The Board of Directors supervises and controls the management and operations of the company. The duty of the Board is to promote the interests of shareholders and the Group by overseeing the administration and proper organization of operations. The Board of Directors has two committees: the Audit Committee and the Human Resources Committee. The Board has ratified charter regarding its operation. Both committees also have charters ratified by Board of Directors. The Board of Directors is responsible for its operations to General Meeting, which discharges the members of the Board of Directors and the President from liability.
The Board of Directors is responsible for the administration and the proper organization of the operations of the company as well as for the appropriate arrangements of bookkeeping and financial administration. The Board of Directors has an approved charter, and it regularly assesses its validity. According to its charter, the Board of Directors controls and supervises the operations of the Company and the Group and approves the key operating principles, objectives and strategies. The Board of Directors oversees the operations, financials and risk management of the Group.
In particular, the following duties are handled and decided on by the Board of Directors;
Appointment and dismissal of the CEO and his/her optional deputy and senior management and the terms of their employment
The Group’s strategy and long-term objectives
Group budgets and business plans and overseeing their implementation
Approving the financial statements and interim reports
Significant acquisitions and divestments with a value more than 10 million euros and investments with a value of 5 million euros
Bids and agreements with a value of more than 50 million euros
Organization of the Group and
Principles of risk management
According to Articles of Association, the Board comprises of the Chairman and the Vice chairman and 3 to 6 members elected by the general meeting of shareholders. The term of a Board member begins from the general meeting in which they have been elected and ends at the end of the next general meeting.
The first Board of Directors of Caverion Corporation was elected by the Extraordinary General Meeting of YIT Corporation that decided on the partial demerger of YIT Corporation on June 17, 2013.
The majority of the members must be independent of the company as specified in Recommendation 14 of the Finnish Corporate Governance Code. In addition, it is required that at least two members representing this majority be independent of the significant shareholders of the company. The Board shall evaluate the independence of the directors annually. A director shall also discuss the evaluation of their independence in meetings of the Board whenever a change has taken place in circumstances affecting such an evaluation.
Meetings and decision-making
The Board shall convene approximately once a month according to a meeting schedule. Additional meetings may be held at other times when required. The Board of Directors assesses its performance annually.

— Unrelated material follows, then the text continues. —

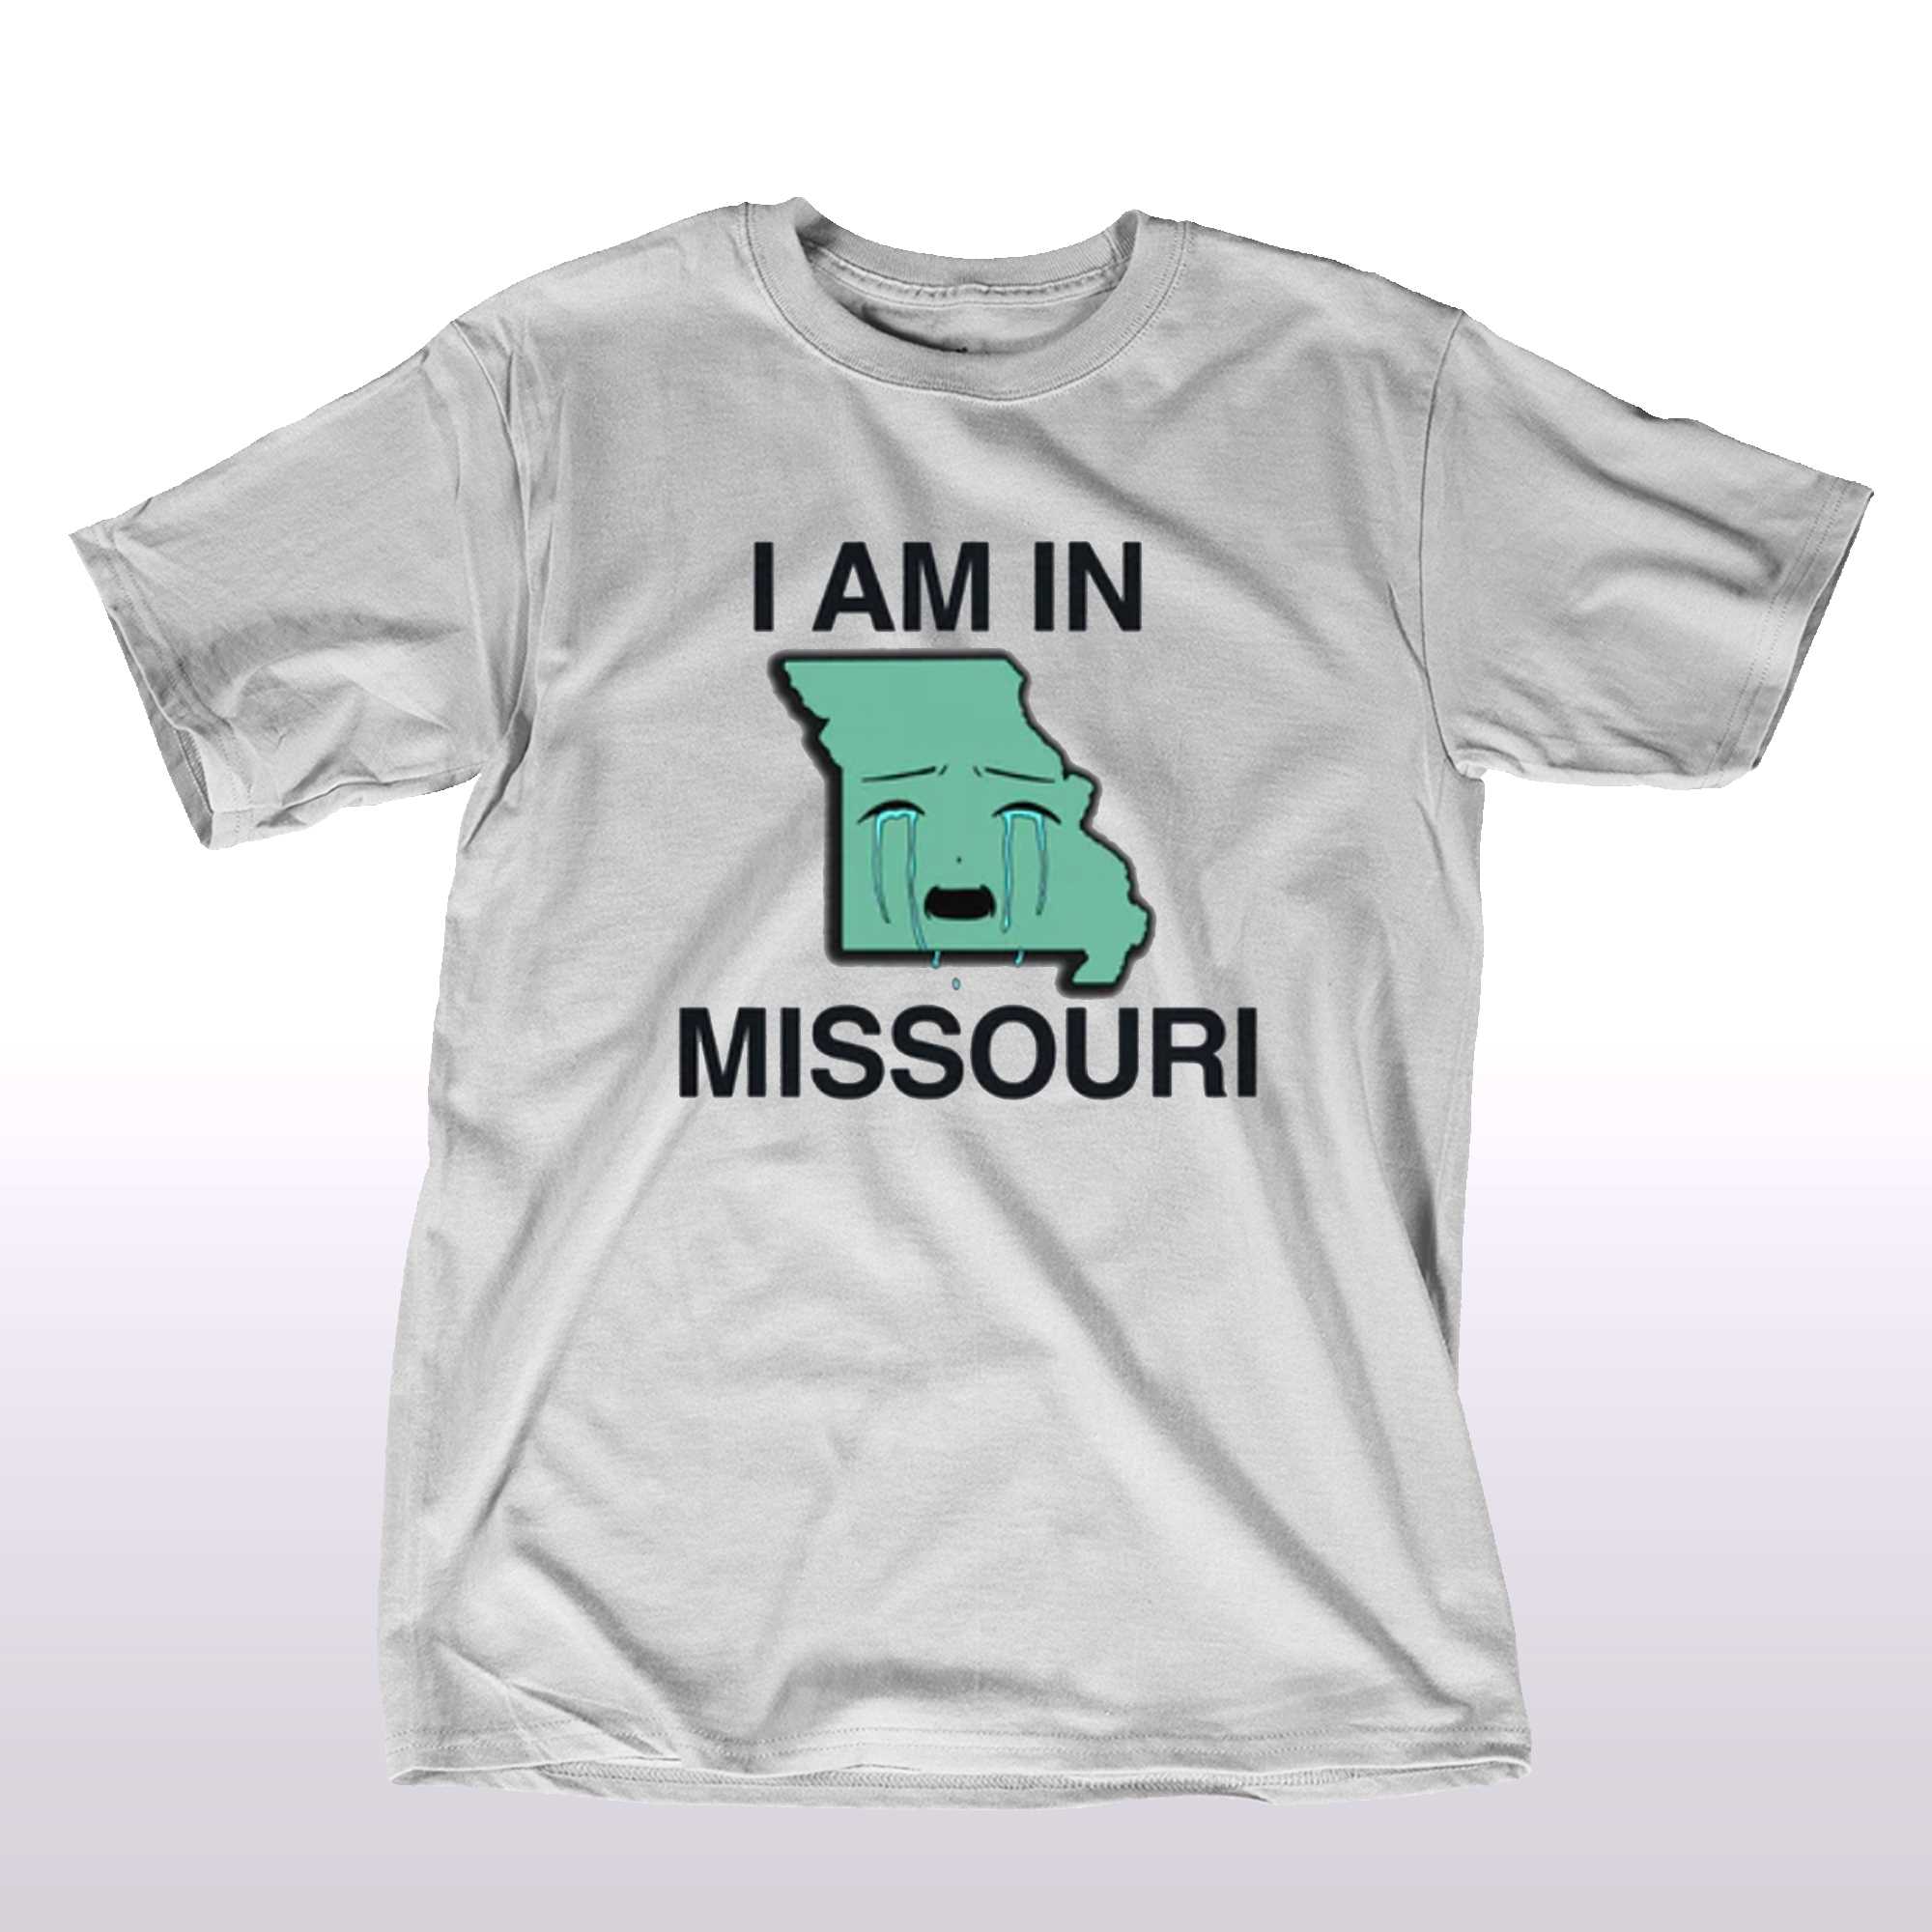 Am In Missouri T-shirt Shibtee Clothing

The Board shall convene at the invitation of the Chairman or, if they are not available, their deputy, and shall be deemed to be a quorum when more than half of the members are present. Decisions are adopted based on a simple majority. In case of a tie, the opinion supported by the Chairman or, if they are not available, the deputy Chairman shall be adopted.
The CEO of the Company and the secretary called by the Board shall usually attend the meetings of the Board. The CEO of the Company and the secretary of the Board shall prepare the meetings and the agenda in cooperation with the Chairman of the Board. The members of the Board evaluate the operation of the Board each year.